Example: Event with Time
#include <modality/probe.h>

/* The header file you generated for this component with 'modality_probe_generate_header' */
#include "generated_component_definitions.h"

uint64_t time_ns = 1;

MODALITY_PROBE_RECORD_W_TIME(
  g_producer_probe,                      // pointer to probe
  PRODUCER_STARTED,                      // event name
  time_ns,                               // timestamp
  MODALITY_TAGS("producer"),             // optional event tags
  "Measurement producer started"); // optional event description

# Event Macro: Event with Payload and Time

Example: Event with Payload and Time
#include <modality/probe.h>

/* The header file you generated for this component with 'modality_probe_generate_header' */
#include "generated_component_definitions.h"

uint64_t time_ns = 1;
const int8_t sample = g_producer_measurement.m + (int8_t) (-1 + (rand() % 4));

MODALITY_PROBE_RECORD_W_I8_W_TIME(
  g_producer_probe,                      // pointer to probe
  PRODUCER_MEASUREMENT_SAMPLED,          // event name
  sample,                                // payload
  time_ns,                               // timestamp
  MODALITY_TAGS("producer", "measurement sample"),  // optional event tags
  "Measurement producer sampled a value for transmission"); // optional event description

# Event Macro: Expectation Event

  • If you want to capture a conditional failure, use a macro for an expectation.

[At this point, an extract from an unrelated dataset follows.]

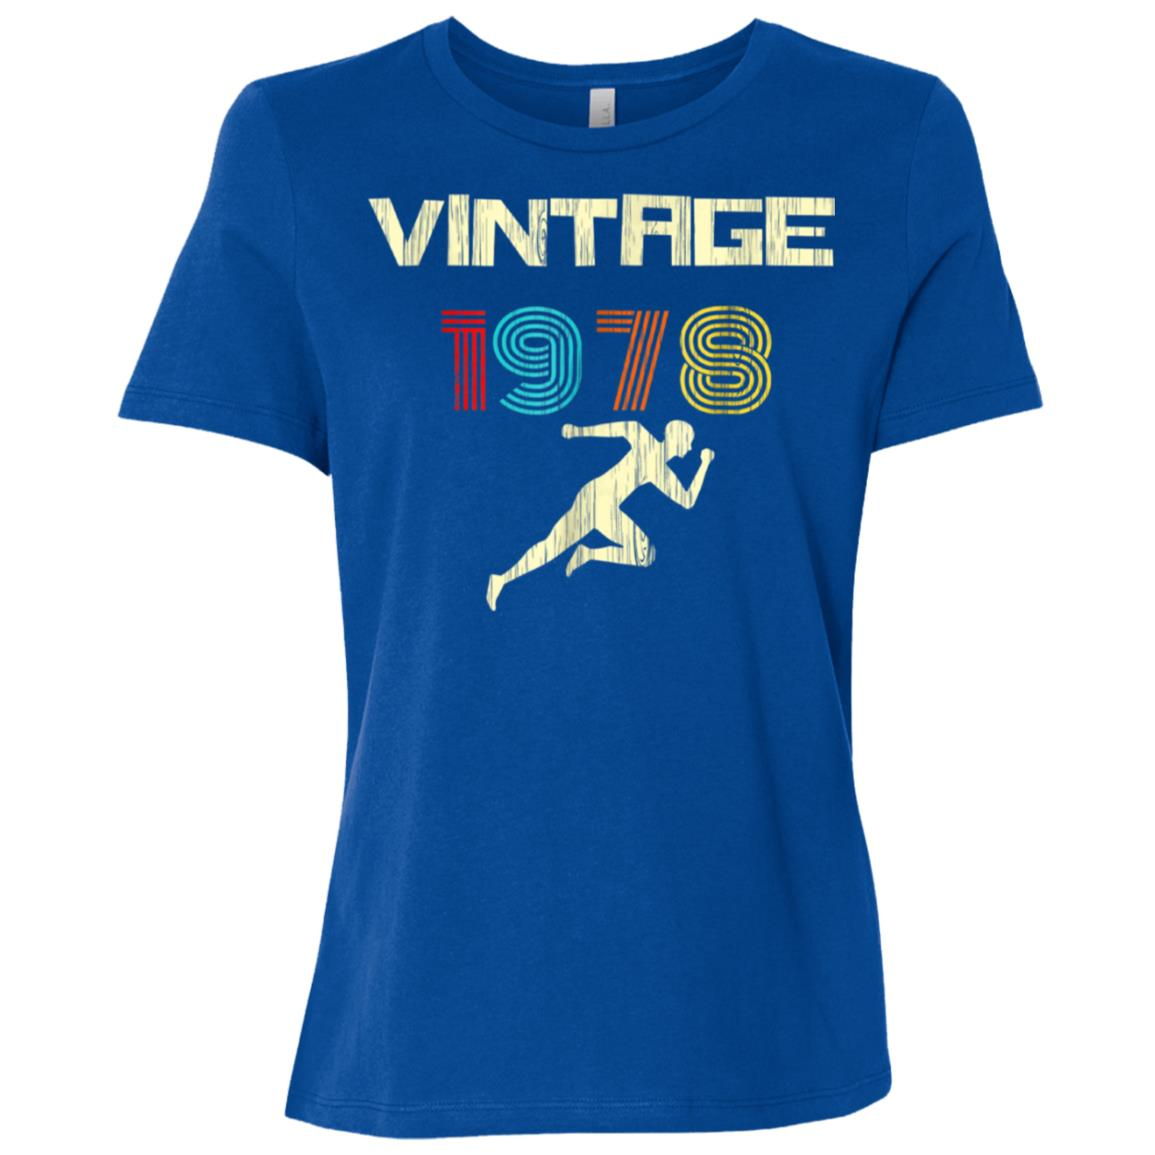 Runner's Vintage 1978 40th Birthday Women Short Sleeve T-Shirt

  • Expectations make it easier to highlight critical events. They are taken into consideration by certain Modality metrics and by Modality's generative testing mutation planner.

  • Expectations record a boolean outcome indicating success (PASS) or failure (FAIL).

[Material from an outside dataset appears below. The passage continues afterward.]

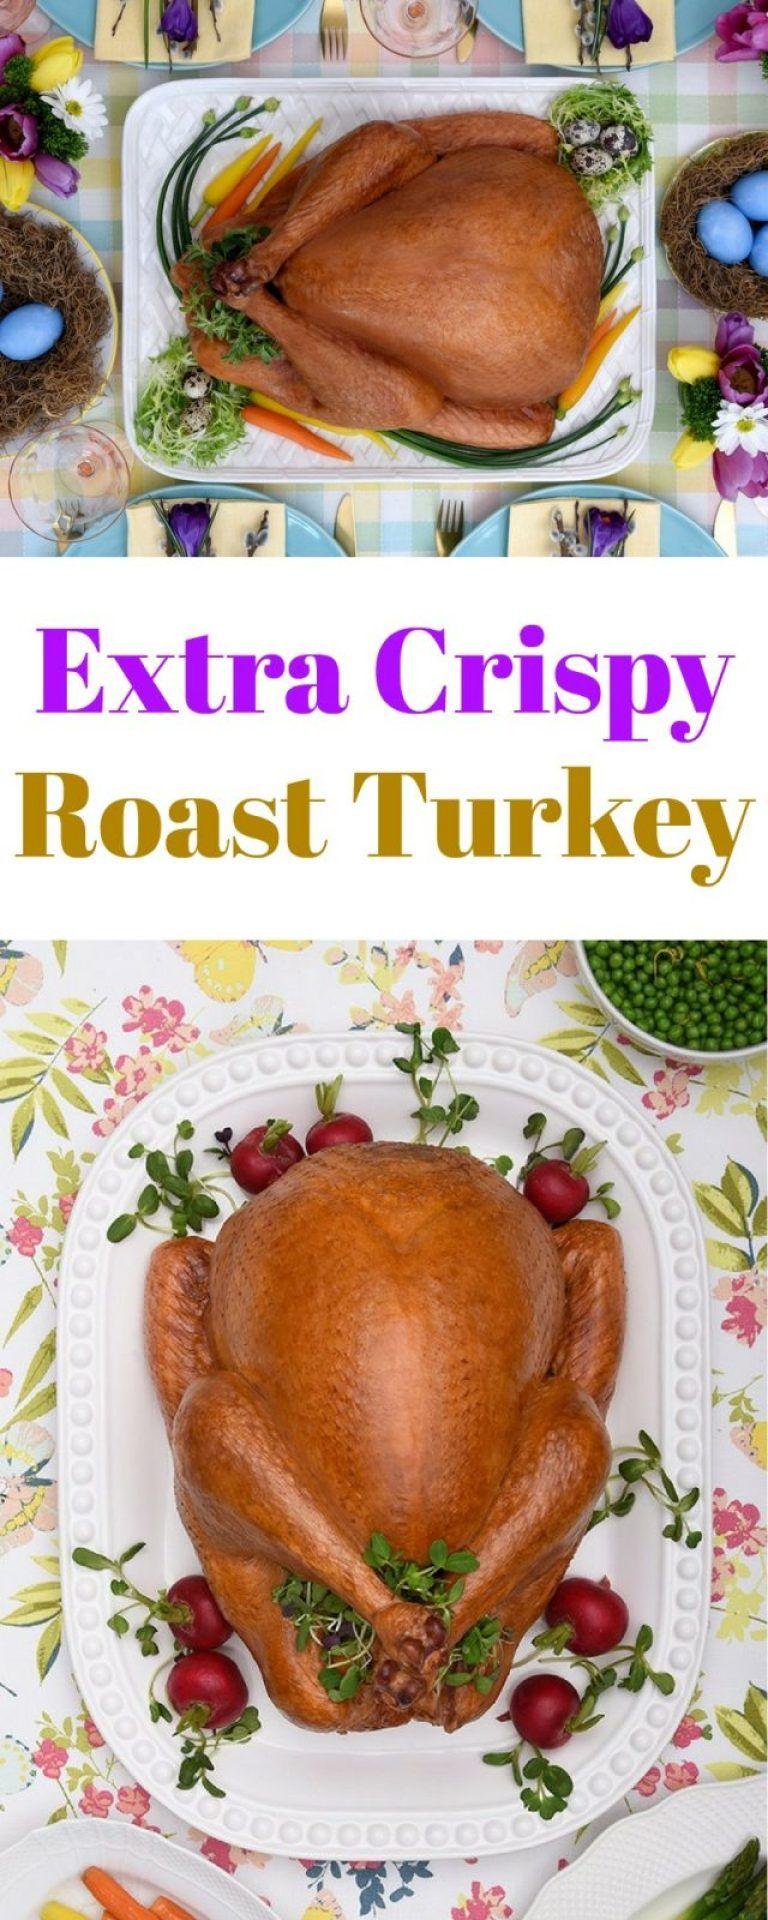 Crispy Roast Turkey Recipe Ottawa Mommy Club Recipe in

  • For the failure condition, which is (sample - g_producer_measurement.m) <= 2 in this example, true represents success and false represents failure, so you can think of this condition as an invariant of your system: something that should always be true.

  • If you want to associate a severity level with an expectation or failure event, insert the optional MODALITY_SEVERITY() macro with an integer value between 1 and 10. Severity lets you prioritize potential failures of varying importance.

Example: Expectation Event
#include <modality/probe.h>

/* The header file you generated for this component with 'modality_probe_generate_header' */
#include "generated_component_definitions.h"

MODALITY_PROBE_EXPECT(
  g_producer_probe,                         // pointer to probe
  PRODUCER_SAMPLE_DELTA_OK,                 // expectation name
  (sample - g_producer_measurement.m) <= 2, // failure condition
  MODALITY_SEVERITY(6),                     // optional expectation severity
  MODALITY_TAGS("producer"),                // optional expectation tags
  "Measurement delta within ok range");     // optional expectation description

# Event Macro: Expectation with Time

Example: Expectation Event with Time
#include <modality/probe.h>

/* The header file you generated for this component with 'modality_probe_generate_header' */
#include "generated_component_definitions.h"

MODALITY_PROBE_EXPECT_W_TIME(
  g_producer_probe,                         // pointer to probe
  PRODUCER_SAMPLE_DELTA_OK,                 // expectation name
  (sample - g_producer_measurement.m) <= 2, // failure condition
  time_ns,                                  // timestamp
  MODALITY_SEVERITY(6),                     // optional expectation severity
  MODALITY_TAGS("producer"),                // optional expectation tags
  "Measurement delta within ok range");     // optional expectation description

# Event Macro: Failure Event

  • If you want to catch a specific point in execution that always indicates a failure, record an event using the failure macro.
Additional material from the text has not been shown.